The retail concept launched by fashion distributor and marketing agency Four Marketing opens in London’s King’s Cross, as the area’s regeneration continues.

The first signs of fashion retail life are starting to appear in central London’s N1C – the new postcode created in the capital’s King’s Cross, as the area’s transformation into a new hub continues apace.

A concept developed by fashion distributor and marketing company Four Marketing, 18 Montrose is the latest retailer to open its doors behind the busy St Pancras and King’s Cross railway stations, joining nearby Nike and soon-to-open stores from Jigsaw and Carhartt Work In Progress, as well as a slew of yet-to-be-announced brands and retailers.

Nestling in three arches at 6-8 Stable Street, the building is part of the Central Saint Martins University Granary Square block and sits opposite the main site where Coal Drops Yard, a new 100,000 sq ft centre of shops and restaurants, is under construction for an autumn 2018 opening.

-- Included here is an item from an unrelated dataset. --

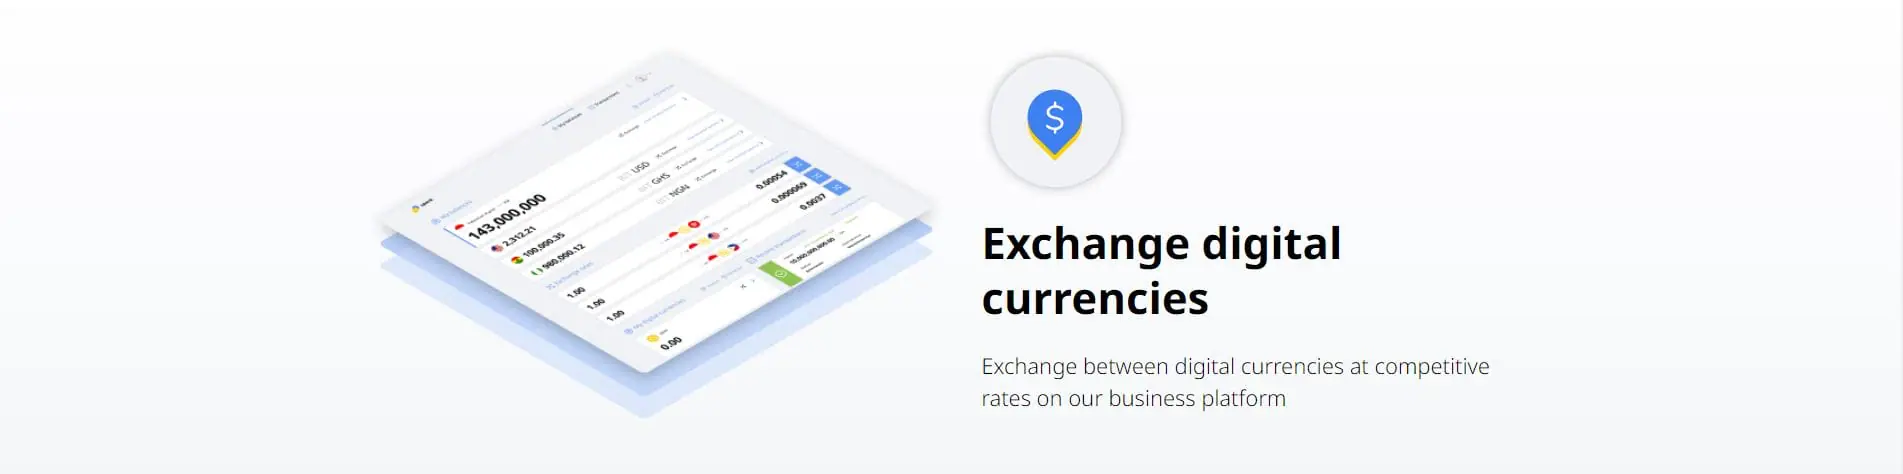 Op de SparkDEX kun je metde verschillende digitale valuta handelen

Originally launched as a temporary “preview” shop in London in 2015, the first permanent 3,900 sq ft store opened at 18 Montrose Street in Glasgow in February 2016. A 3,000 sq ft Nottingham outpost followed in April 2016.

The new 5,000 sq ft London home is designed to blur the lines between store, event and exhibition space, and can be flexibly reconfigured. Its slick yet minimalist fixtures and fittings create a modern, premium look with an urban feel.

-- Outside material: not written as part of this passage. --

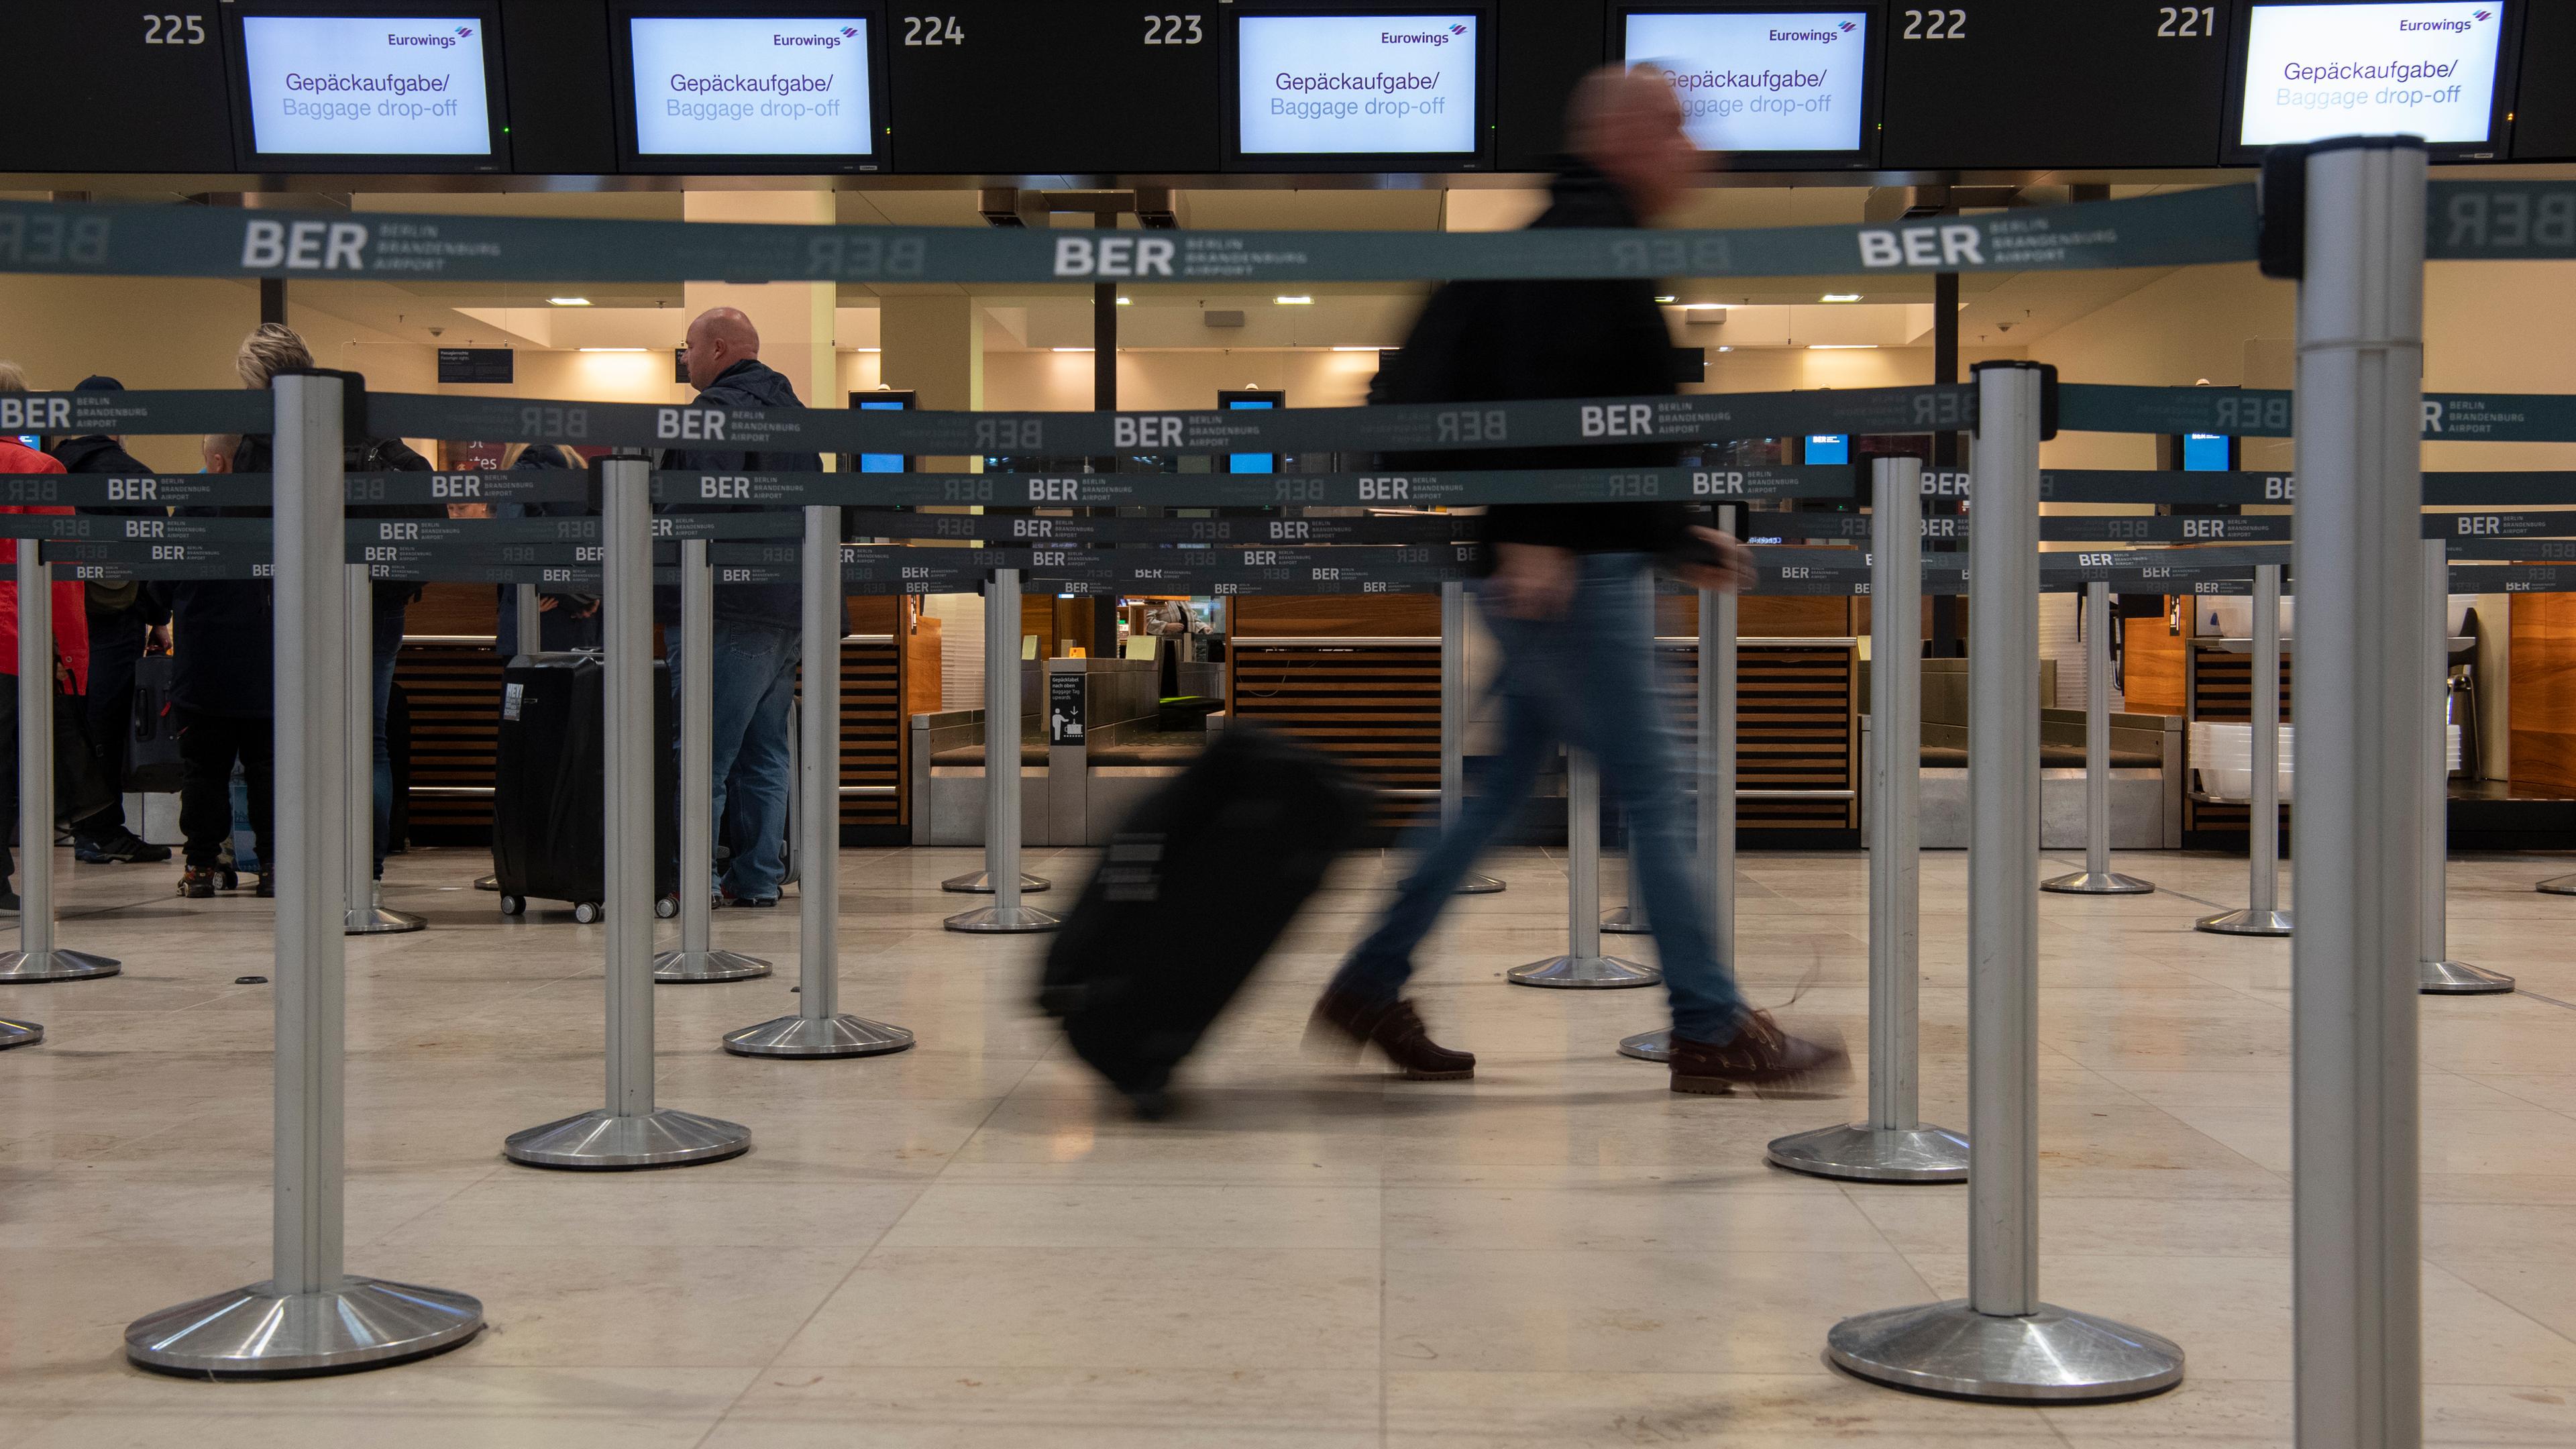 Berlin: Ein Reisender geht mit einem Koffer zu einem Check-in-Schalter von Eurowings.

“18 Montrose is looking at being relevant retail for men and women for today and tomorrow. It’s a point of view on how to show and retail product in these changing times,” says Ben Banks, director at Four Marketing. “The London store acts as a flagship. London is a fashion capital and logically we need a strong execution in the city.”

Men’s and women’s clothing, footwear, accessories and lifestyle objects from brands such as Alexander Wang, Stone Island, Moncler, Thom Browne, Our Legacy and Marques Almeida are arranged in neat blocks by colour. Higher-end designer pieces are balanced with premium streetwear labels.

With only three windows, the dark and moody space is lit by huge expanses of moving digital screens that wrap around each wall of the three adjacent floor spaces. Crisp white walls, black ceilings, stark grey flooring and mirrored walls add to the minimalist look. An entire wall dedicated to trainers and shoes makes an impact at its entrance, running the store’s full length.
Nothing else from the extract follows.